#### RECORDED DATA
○ ○ ○ ○

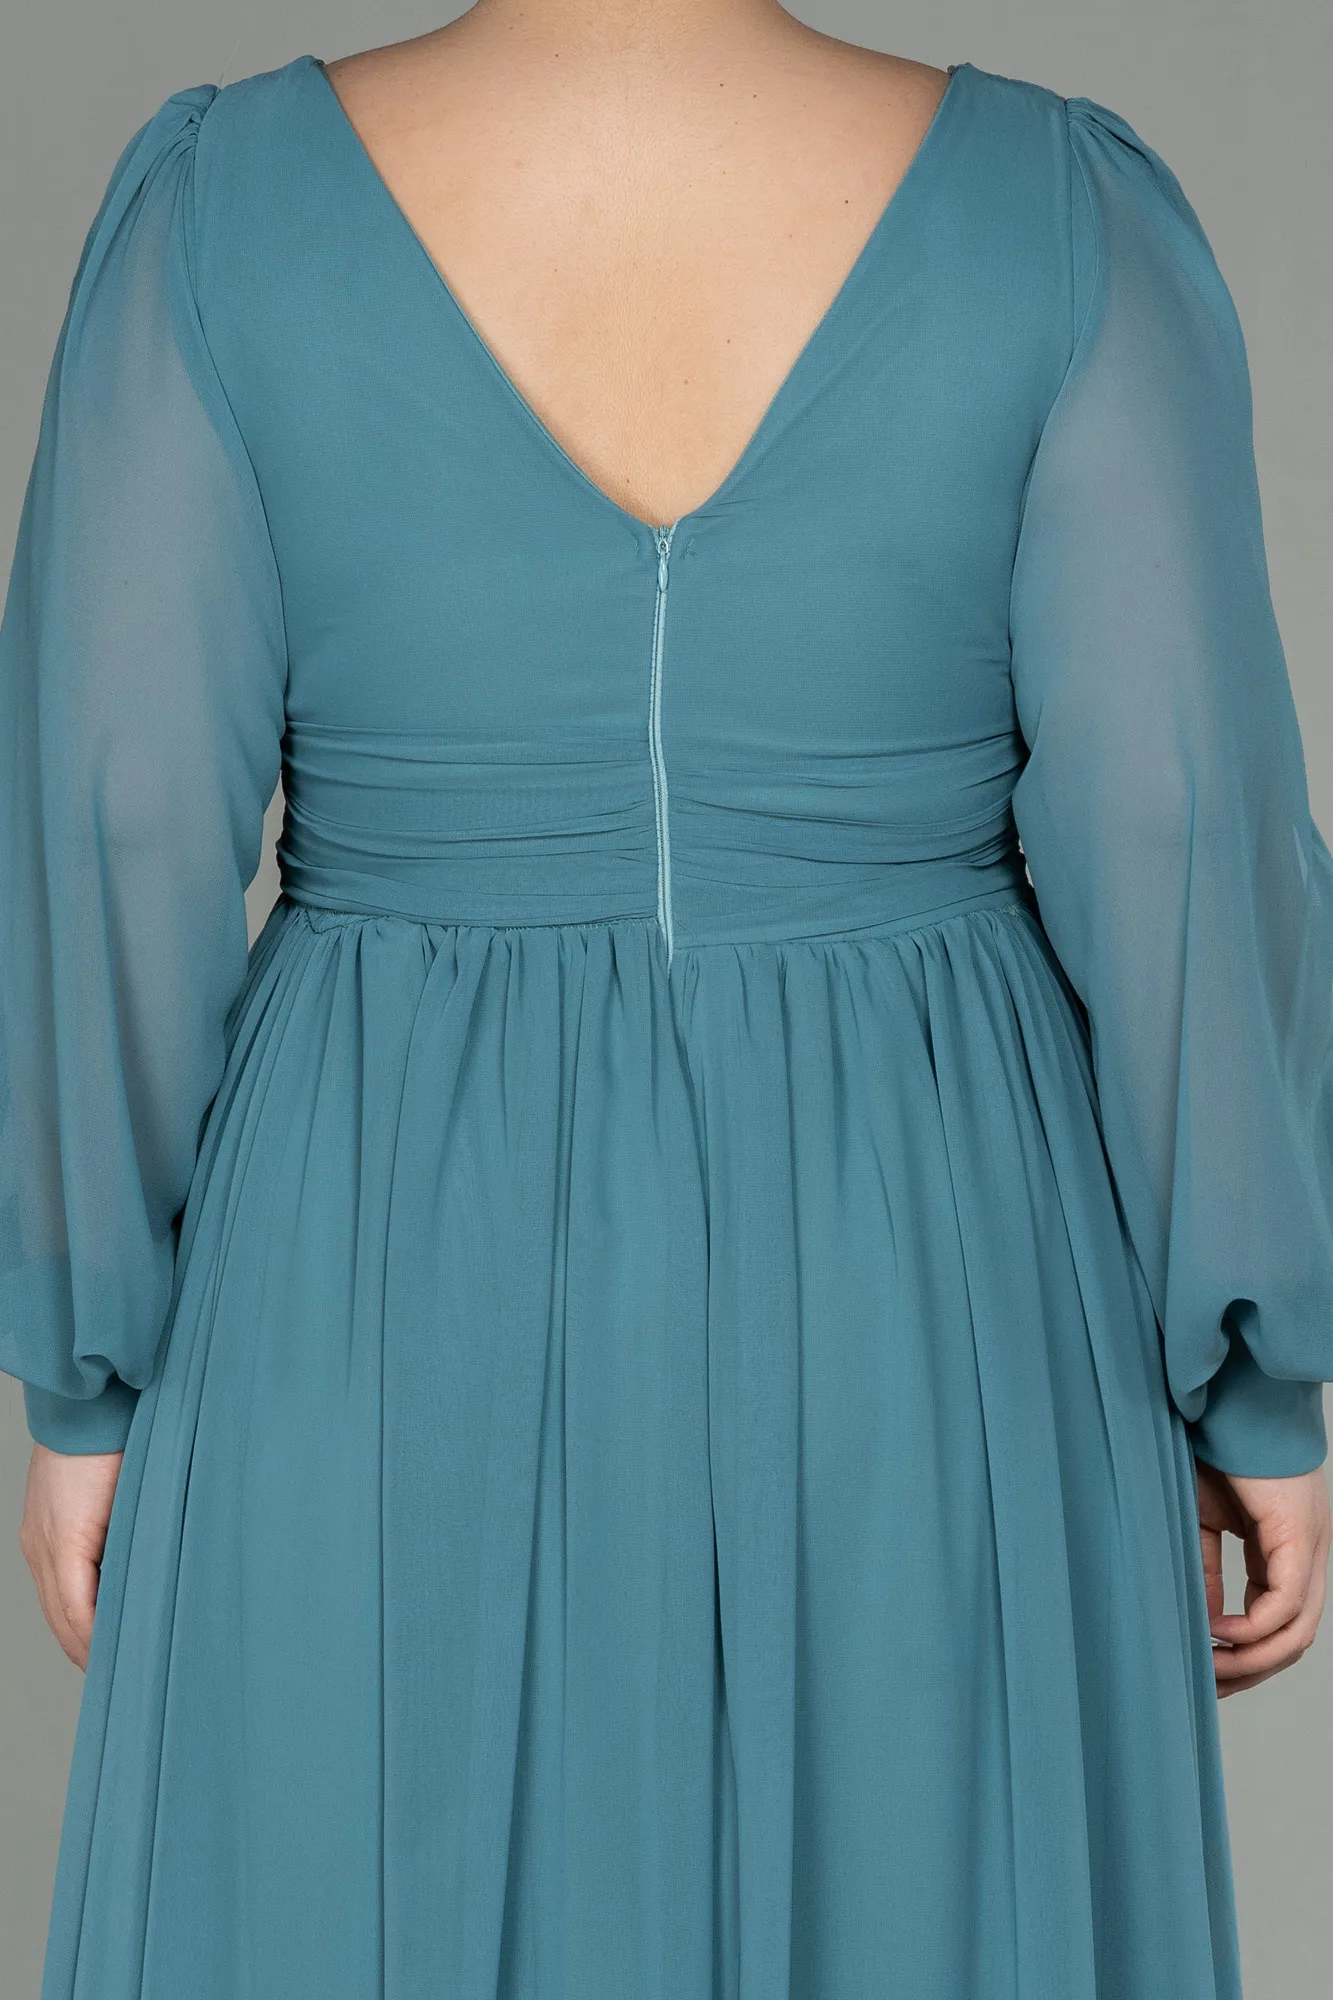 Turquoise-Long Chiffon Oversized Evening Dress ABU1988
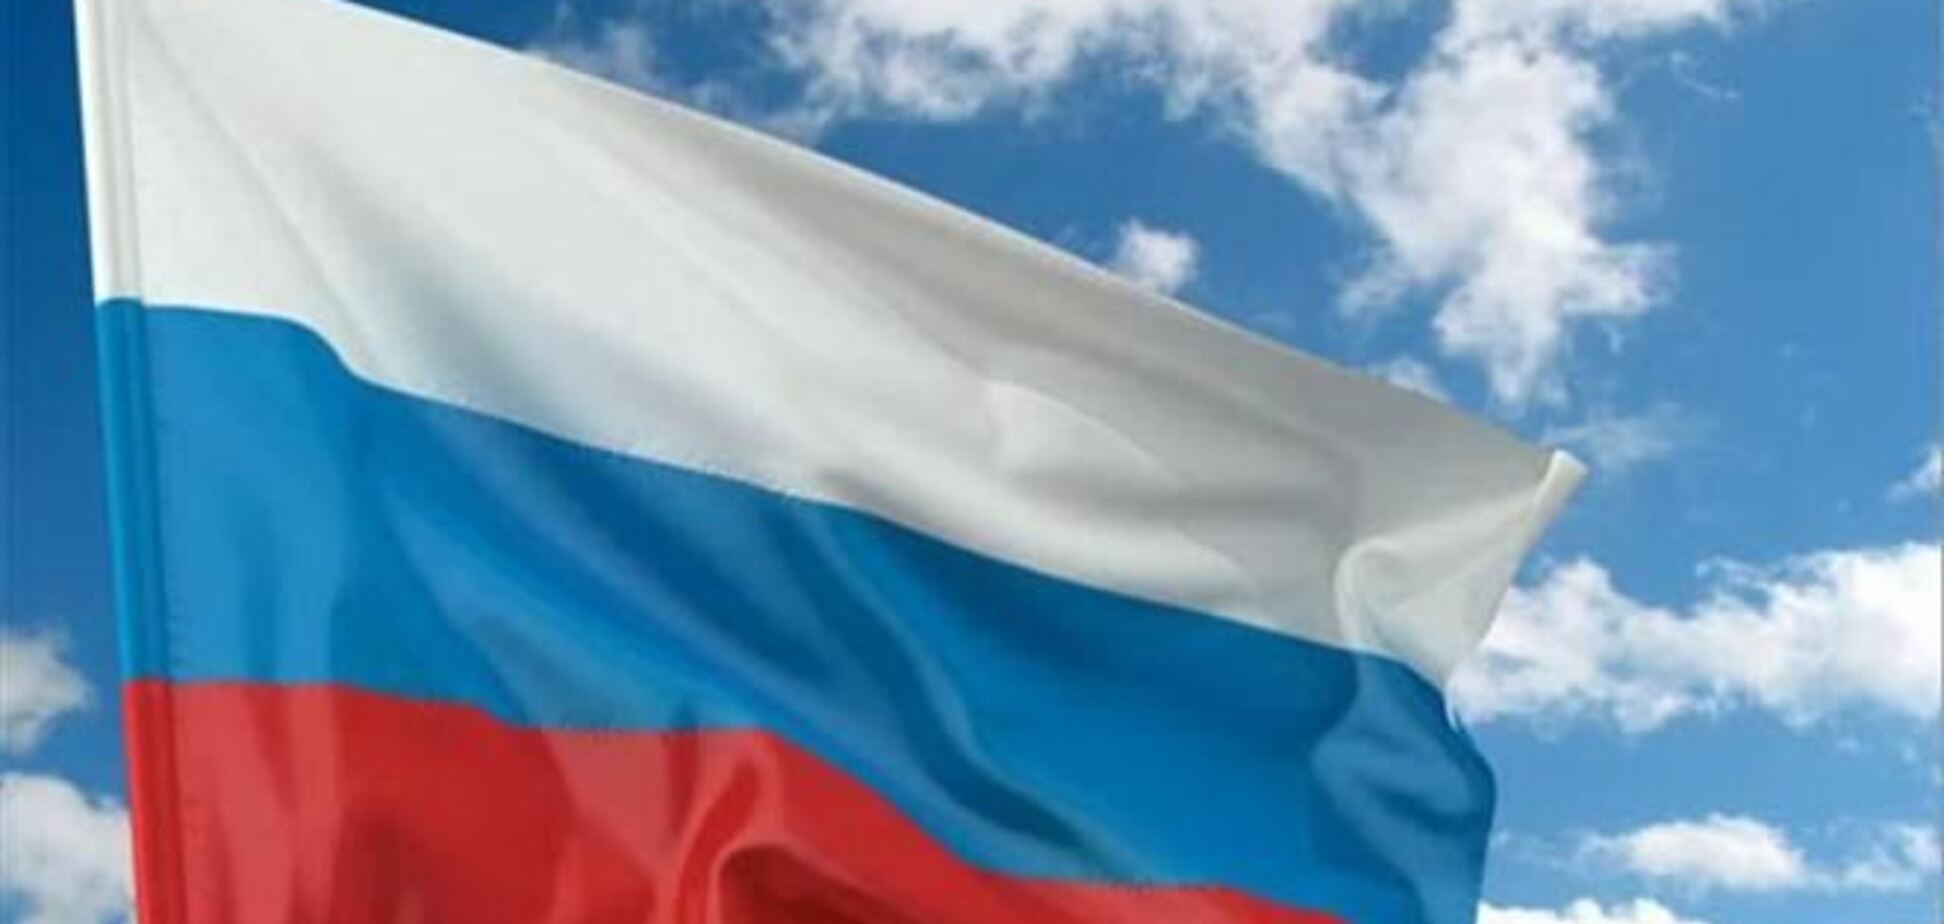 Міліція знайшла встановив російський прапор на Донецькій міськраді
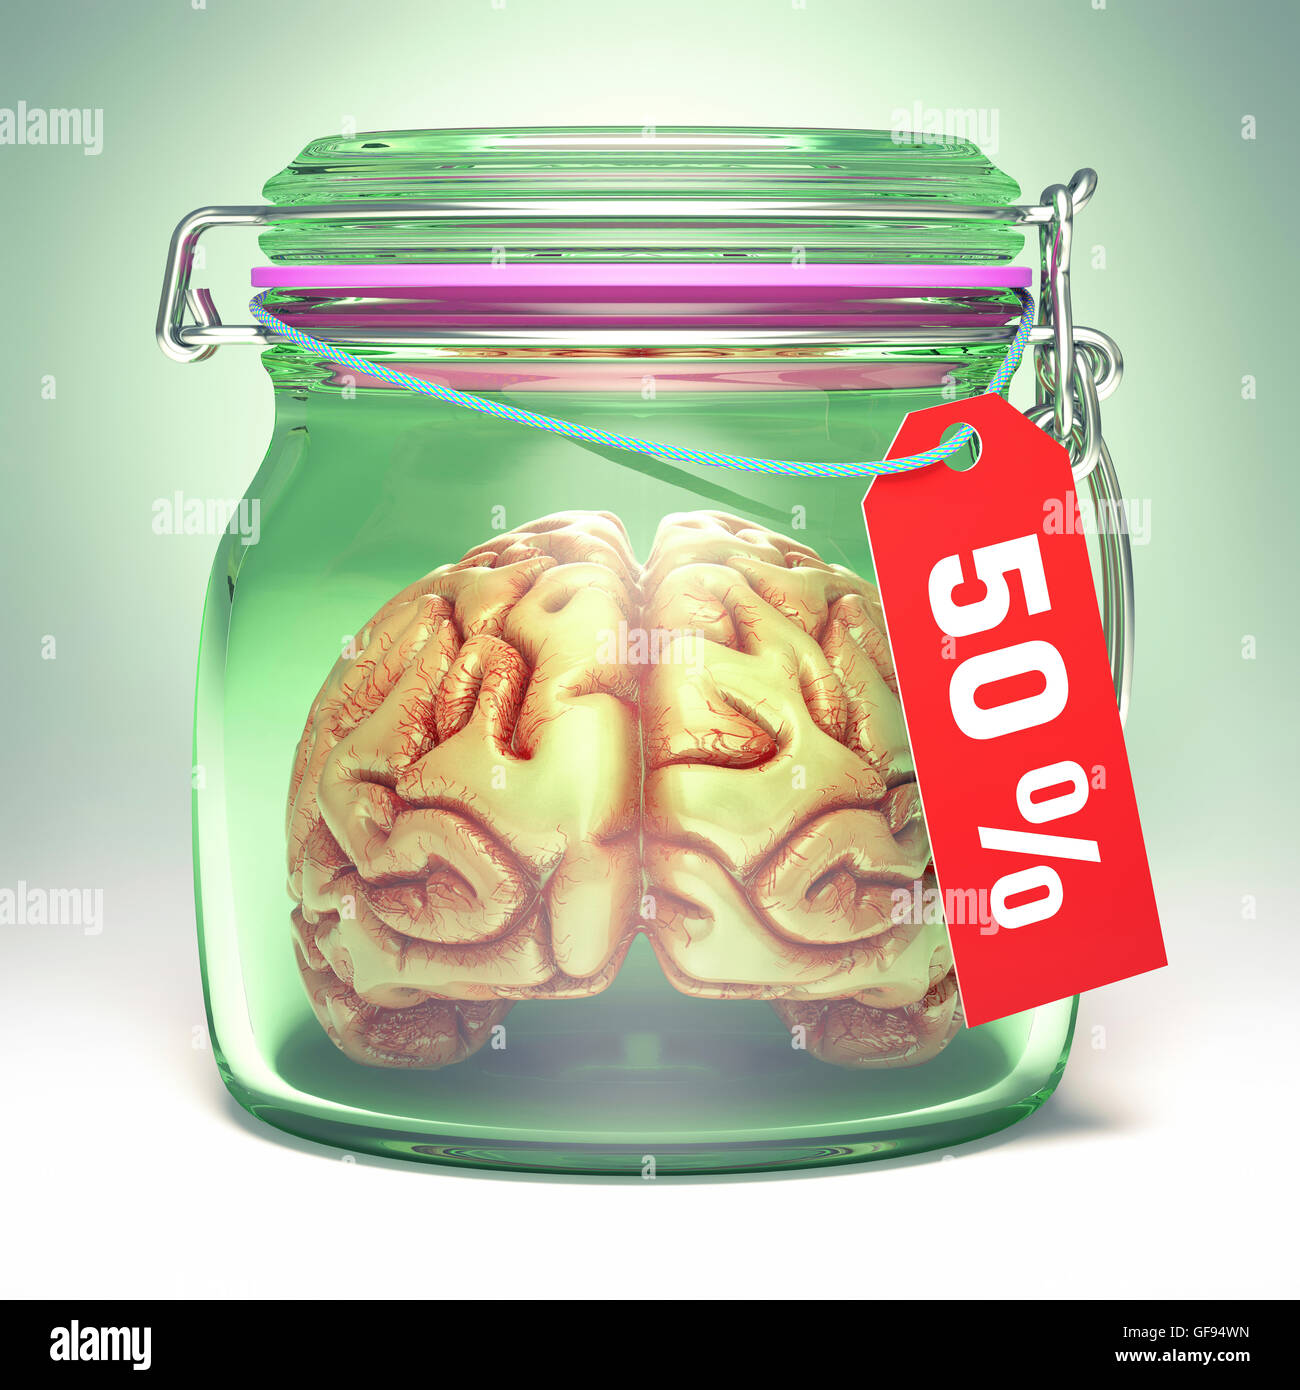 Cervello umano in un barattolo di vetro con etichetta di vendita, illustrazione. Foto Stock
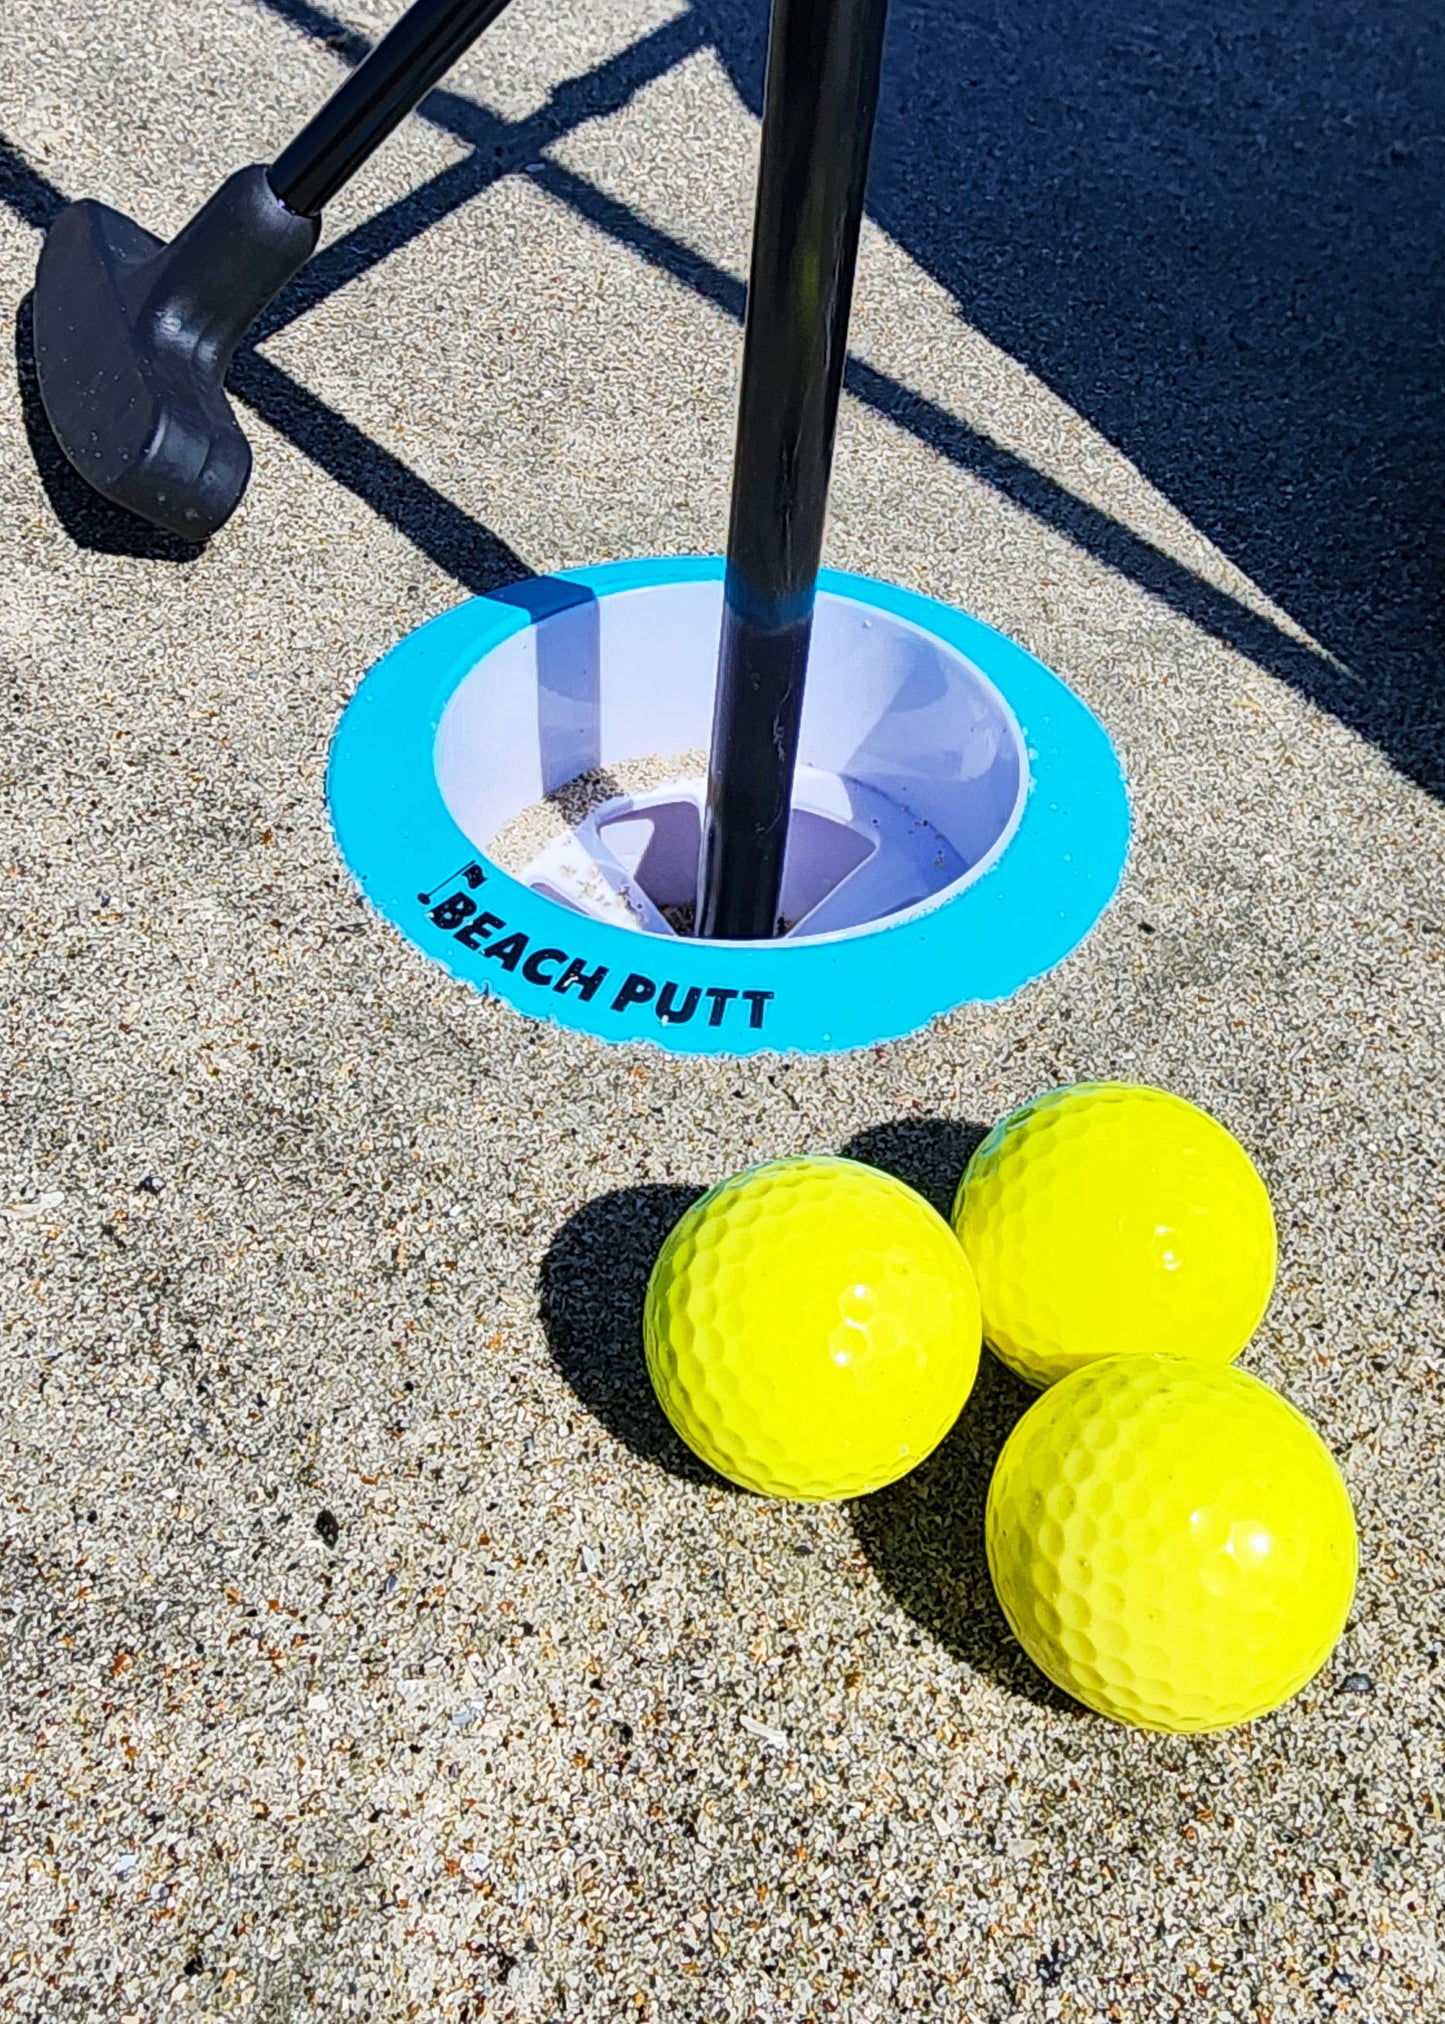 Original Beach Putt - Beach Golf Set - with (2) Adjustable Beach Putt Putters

○ ○ ○ ○

#### WORK TO BE COMPLETED
Copy out the material above exactly; the images stay out.

#### ANSWER SPACE
 Turquoise-Long Chiffon Oversized Evening Dress ABU1988
 Міліція знайшла встановив російський прапор на Донецькій міськраді
 Cervello umano in un barattolo di vetro con etichetta di vendita, illustrazione. Foto Stock
 Original Beach Putt - Beach Golf Set - with (2) Adjustable Beach Putt Putters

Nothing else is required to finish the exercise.